Well, it has not been 100% "stable", but more importantly, second, it is
easy to make a REPL "stable", as well, it basically provides no features
at the protocol level.

> Imho this is why pg survived and all other technologies died for now:

What do you mean by "all other technologies"?

Maybe I got confused by the "all" quantifier, but I see quite a few
"other technologies" alive and doing pretty well.

> 1) almost no effort was needed to keep things working 2) each pg
> version worked for several versions of coq spanning over 5 years at
> least. This second point is not significant for coqide since it is
> distributed with coq but it is a huge problem for other IDEs.

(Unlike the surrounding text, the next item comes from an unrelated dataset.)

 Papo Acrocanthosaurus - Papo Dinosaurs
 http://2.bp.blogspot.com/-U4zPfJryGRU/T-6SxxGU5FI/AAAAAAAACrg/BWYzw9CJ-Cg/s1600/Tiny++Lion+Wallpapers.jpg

> The protocol seems very nice and would greatly simplify pg's code but
> I am not going to invest time on it if it is not guaranteed to be
> still working in 10 years. I would better stay with the old and rough
> REPL (which will stay in the source for some years anyway because old
> versions of coq do not speak serapi).

> Sorry to sound like an old grumpy conservative but I think this is
> really important.

I can understand that point of view, but I also understand the point of
view of users that are driven away from Coq due PG / CoqIDE being the
only IDEs available. To many eyes the "stability" of PG is seen as a
great failure / pitfall of PG not as something positive.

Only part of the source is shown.